Yep, give this one a miss as well. As this posts I’ll be on the road, driving to Sydney to spend some time with my brother. I need some brother love in my life right now.
I’m finding the nights hardest right now. The bed has become my enemy and I tire of the war. Bed always wins. I’m always tired. Curled up in the darkness, in my own bed, I’m supposed to be resting, sleeping. I do sleep. Yet I wake only hours later my face, my pillow, wet with tears. I get up, turn on the light, look in the mirror and see the same story. Red, swollen eyes. Very Red and Very Swollen. That’s not just a few tears that does that. I woke with eyes like that after my cousin’s funeral. And couldn’t understand everyone’s concern, until I saw a mirror. You fool no one with eyes like that.
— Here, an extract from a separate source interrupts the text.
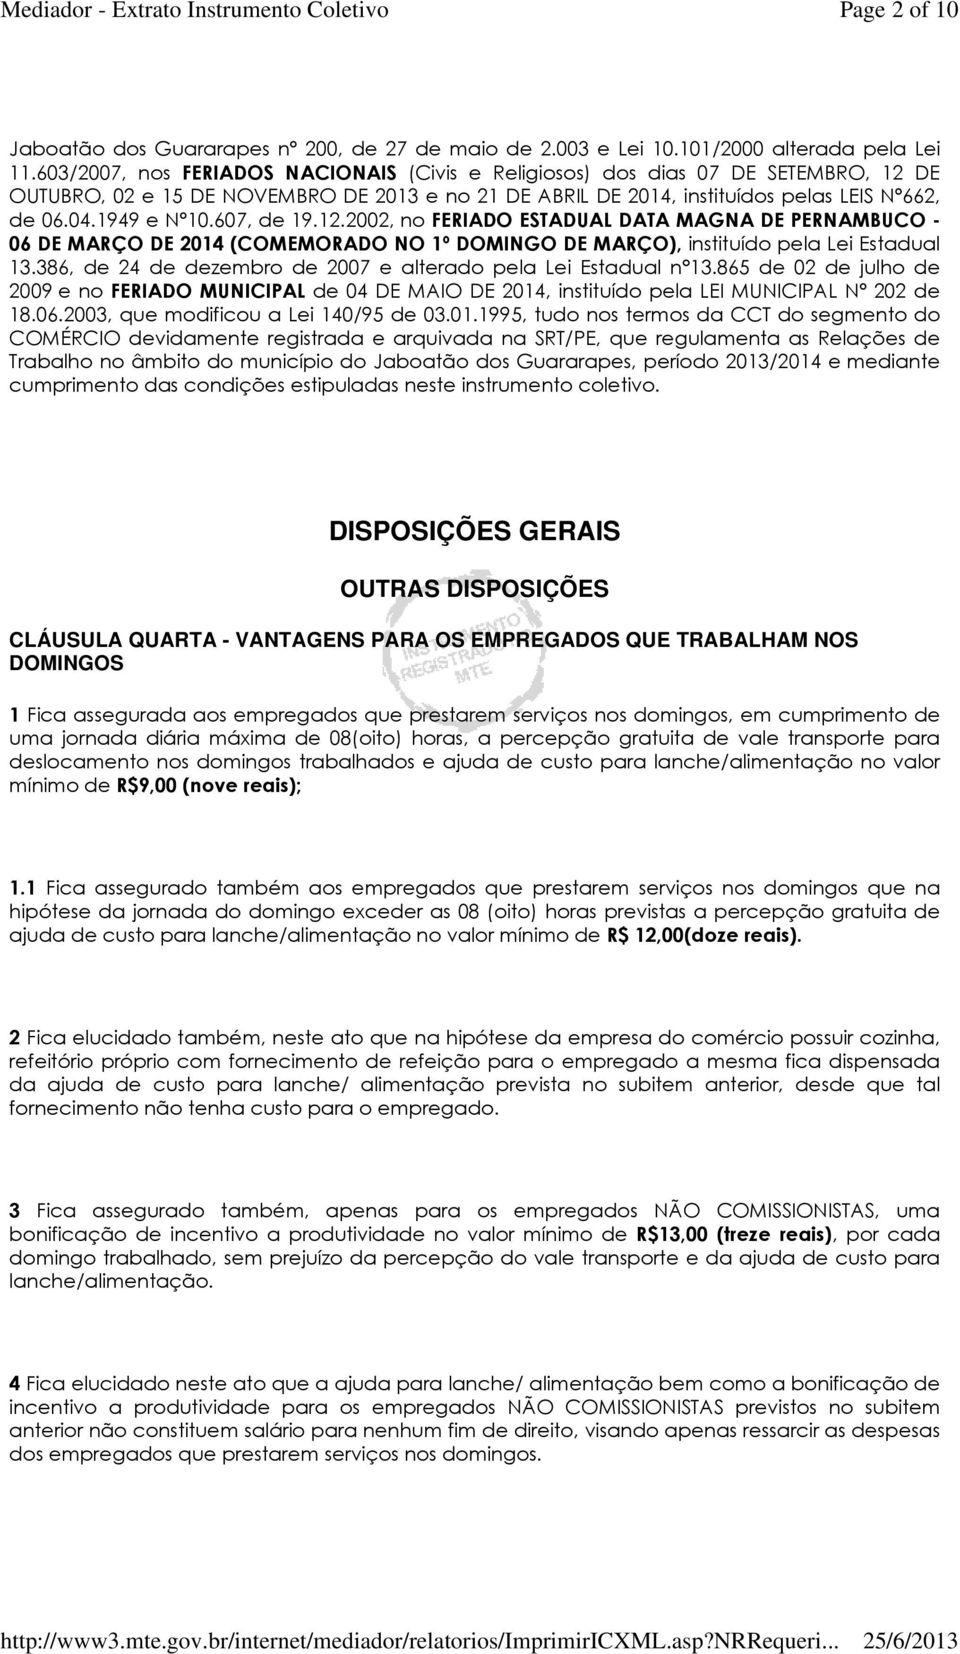 607, de 19.12.2002, no FERIADO ESTADUAL DATA MAGNA DE PERNAMBUCO - 06 DE MARÇO DE 2014 (COMEMORADO NO 1º DOMINGO DE MARÇO), instituído pela Lei Estadual 13.

I don’t know what I hate more… the bed or the mirror.
I go to the fridge and pull out ‘the stuff’ and apply it around my eyes. It helps with the swelling. Next time I wake there won’t be tears. Next time I wake there will be barely any swelling and the redness will be gone. Next time I wake I’ll be able to smile.
I haven’t fooled anyone. I’m being sent on a ‘holiday’. To Sydney. To spend time with my brother. They think I’m “a little depressed”. Hmm, “a little depressed”? Maybe, a little, anyway.
It’s only at night that I cry. I can smile when the sun is shining. Crying while I sleep is easier.
It’s like my heart breaking, over and over and over again. I lay down and I feel it break, on the phone, out on the balcony, sitting here. At the beach crying, it splintered into a million pieces. Over and over. It doesn’t stop.
How much pain must I feel? How much pain before my heart really does break and stop beating? Is that possible?
There’s no bitch voice, no emotion pointed outwards, no memories, nothing except the pain of heartbreak.
I tell myself to feel it, that feeling this is good. The words taste like lies.
I wish I knew why I feel like this. Wouldn’t that make it easier? It’s heartbreak and it hurts. I thought I’d stopped telling myself things weren’t easy. Didn’t I?
All I can do is wait for the pain to stop and acceptance to take hold. This is grief. I can be happy for him and hope the best for them both… and still feel the loss of him. One day the pain will say enough and let go of me, or maybe I have that wrong and I have to say enough. I can’t think about that right now.
The days are easier. And tomorrow I’ll be with my brother.